━━━━━ MATERIAL PROVIDED ━━━━━

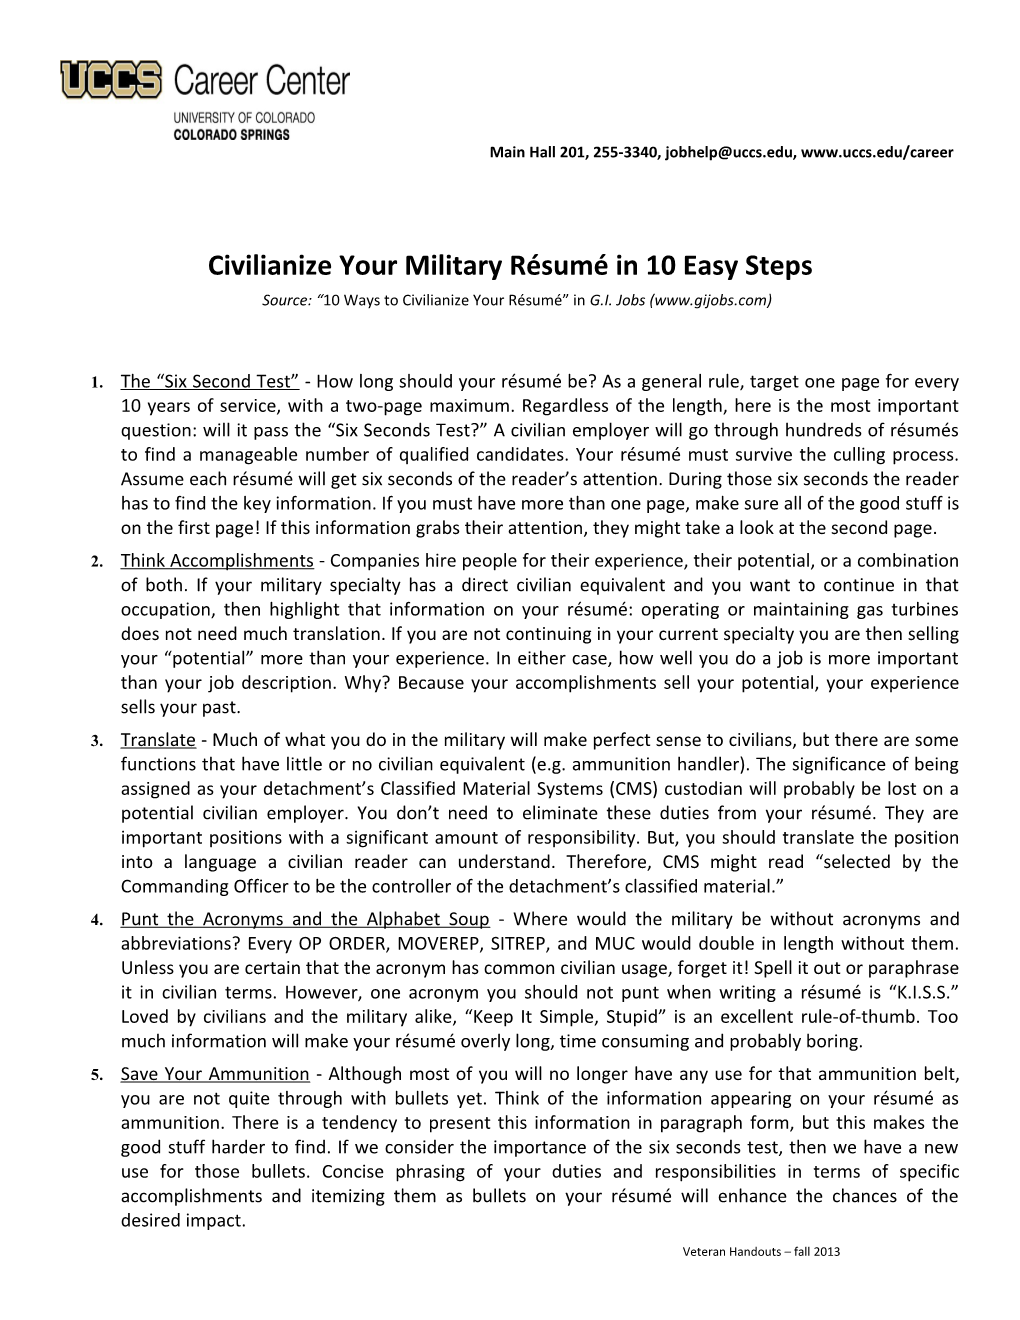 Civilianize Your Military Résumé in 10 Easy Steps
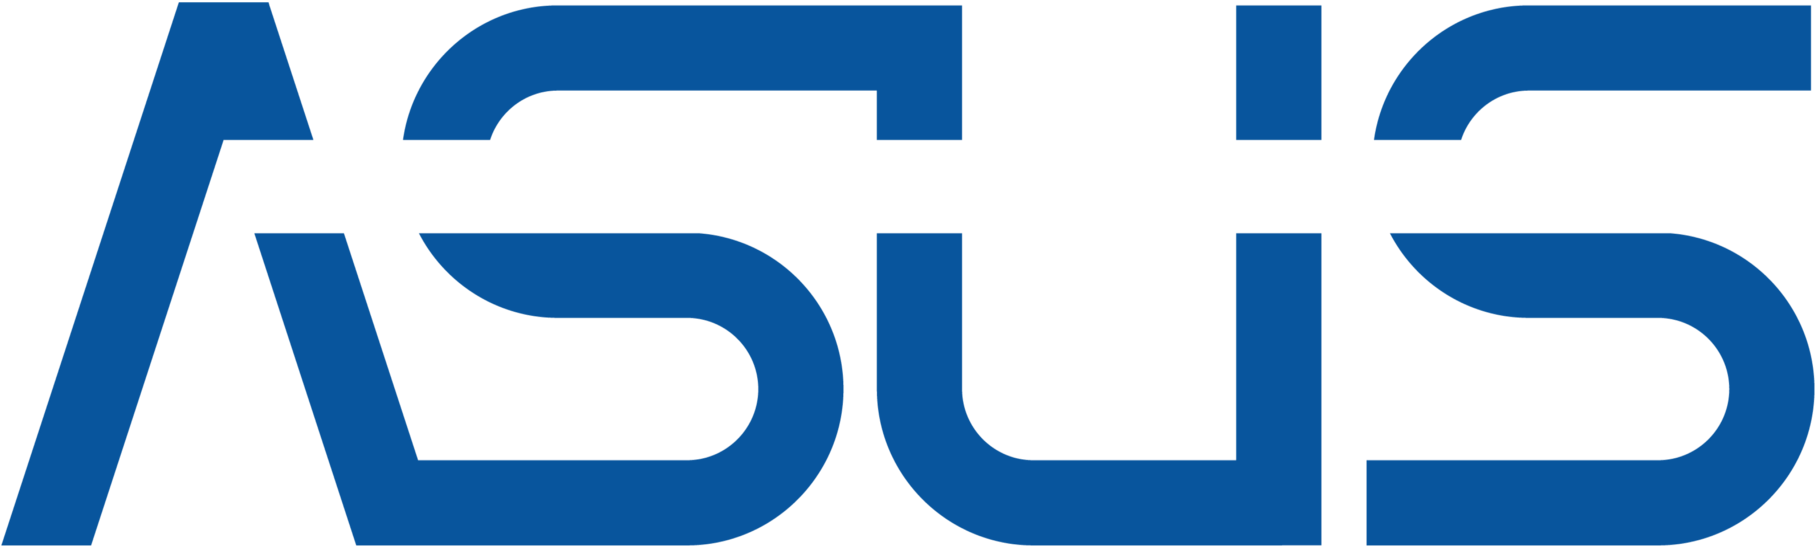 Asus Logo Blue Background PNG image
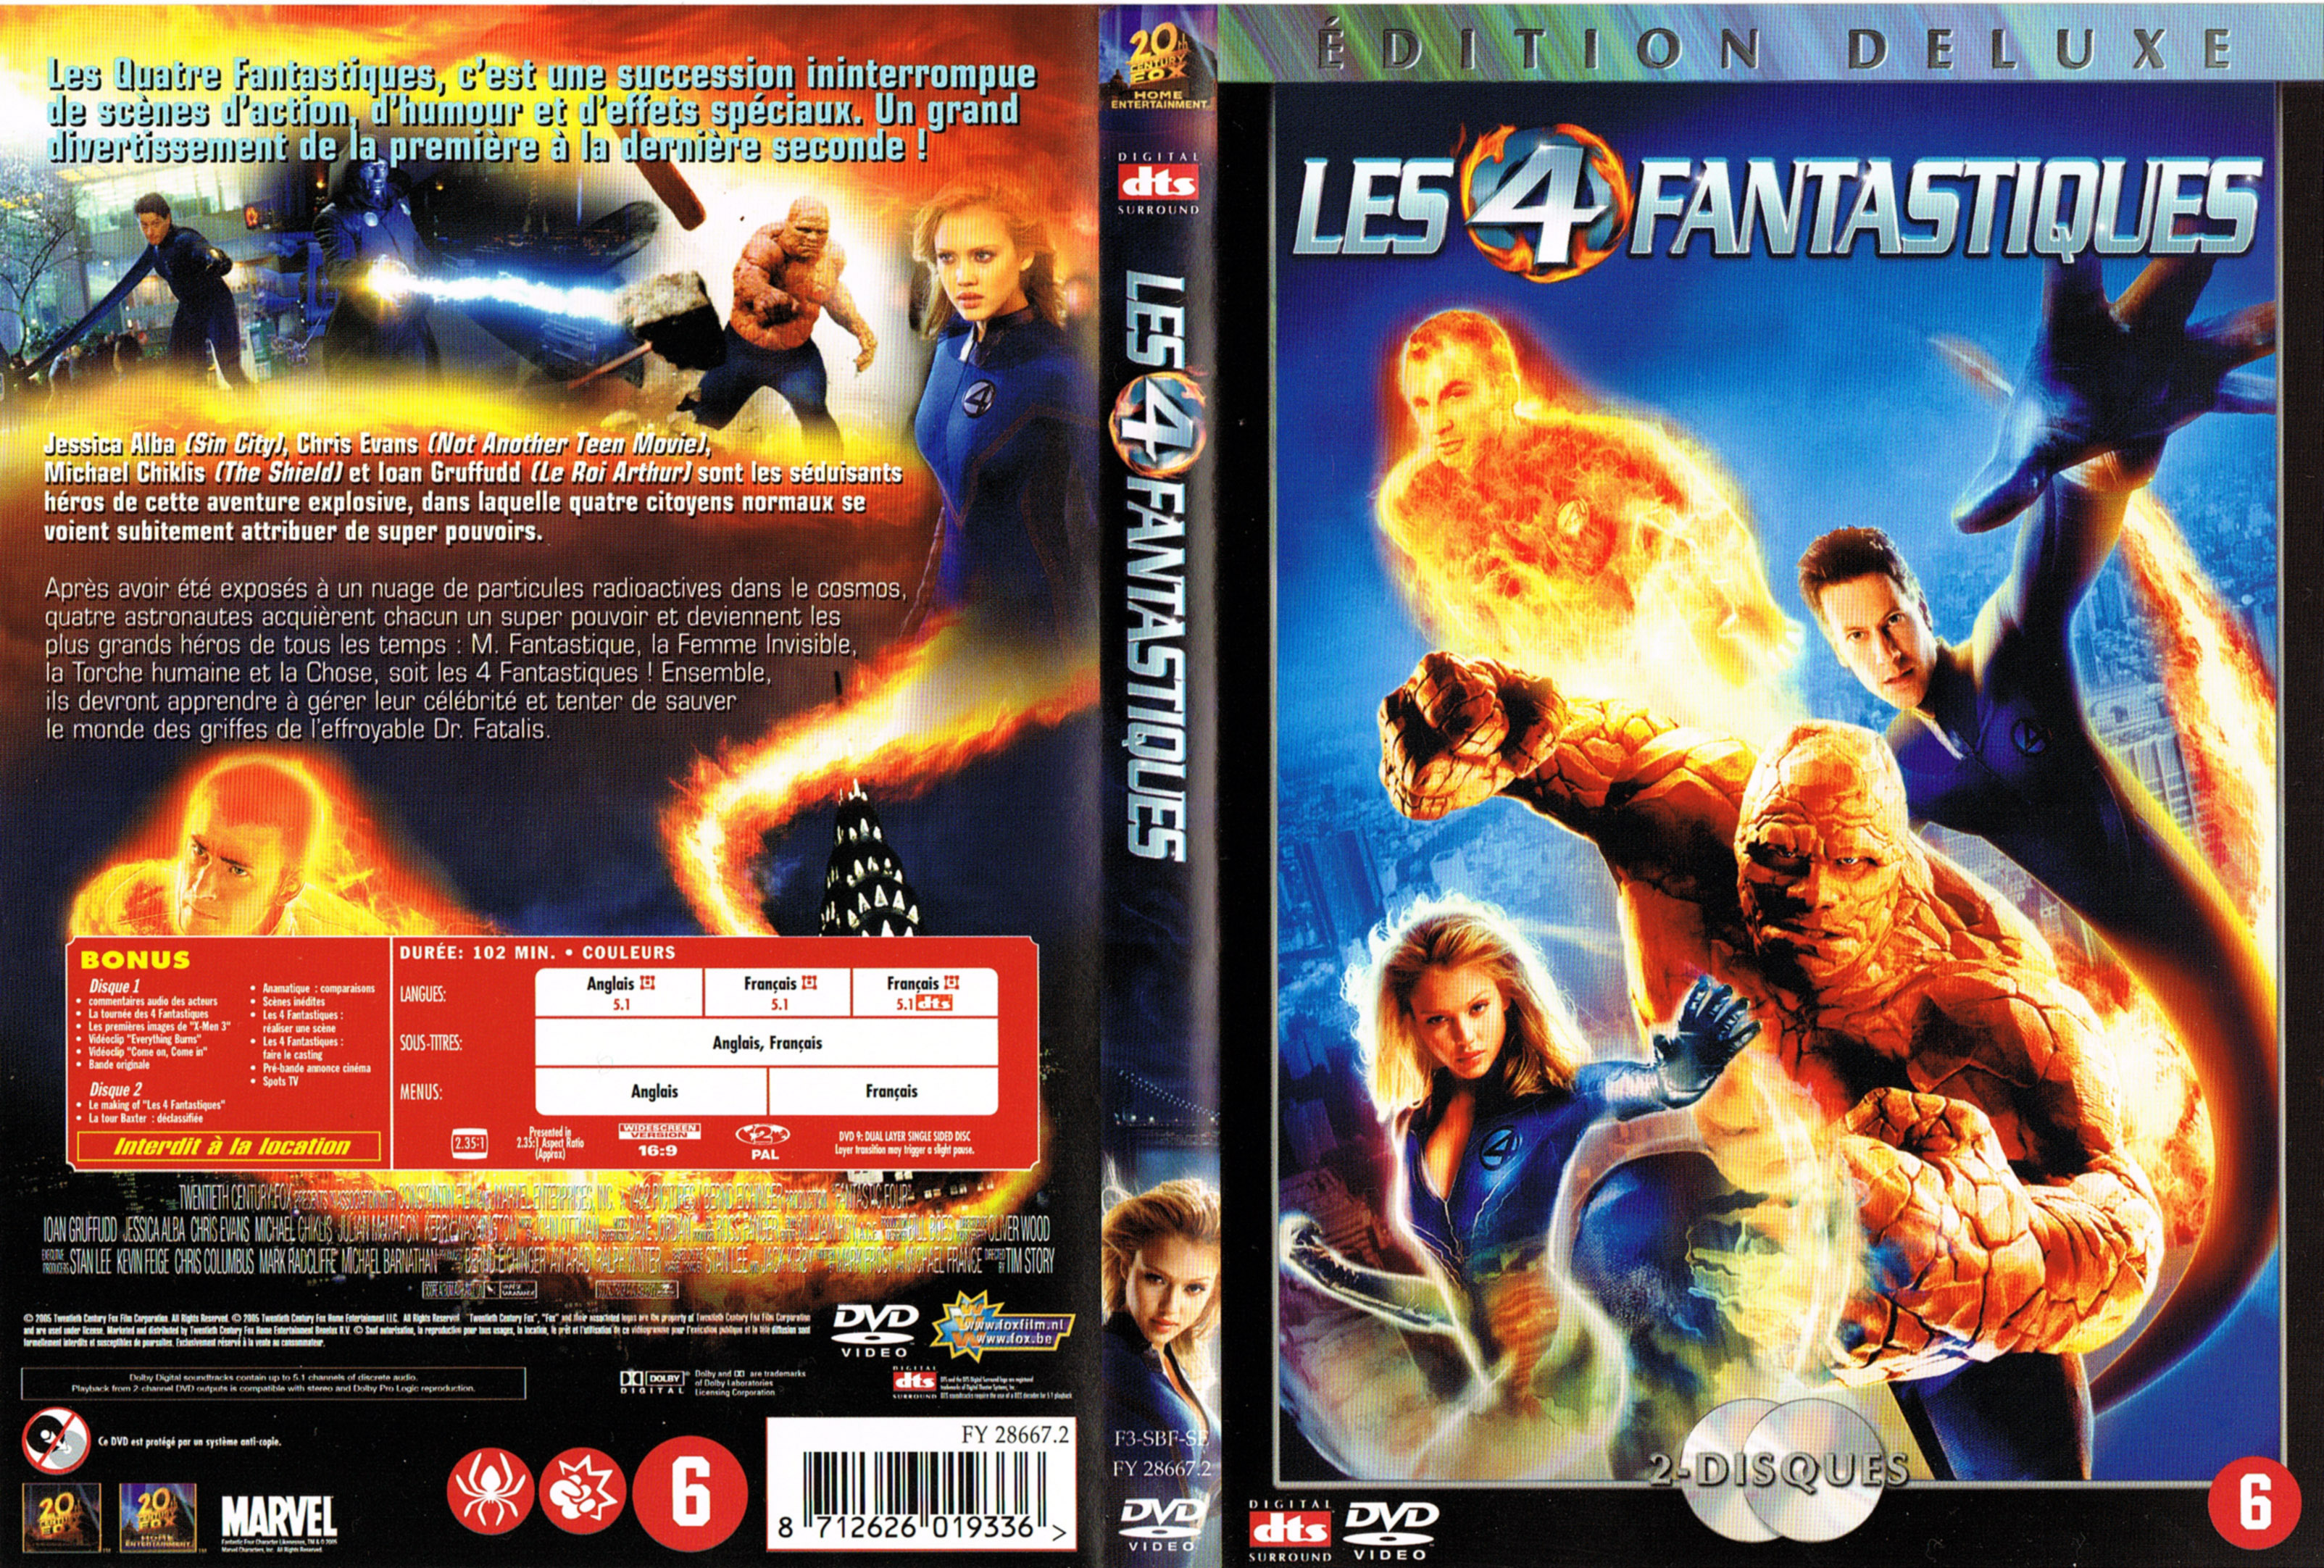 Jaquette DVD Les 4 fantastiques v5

━━━━━

#### ASSIGNMENT
All of the lines above should be copied exactly, apart from the pictures.

#### RESPONSE TO THIS TASK
 Civilianize Your Military Résumé in 10 Easy Steps
 Asus Logo Blue Background PNG image
 Jaquette DVD Les 4 fantastiques v5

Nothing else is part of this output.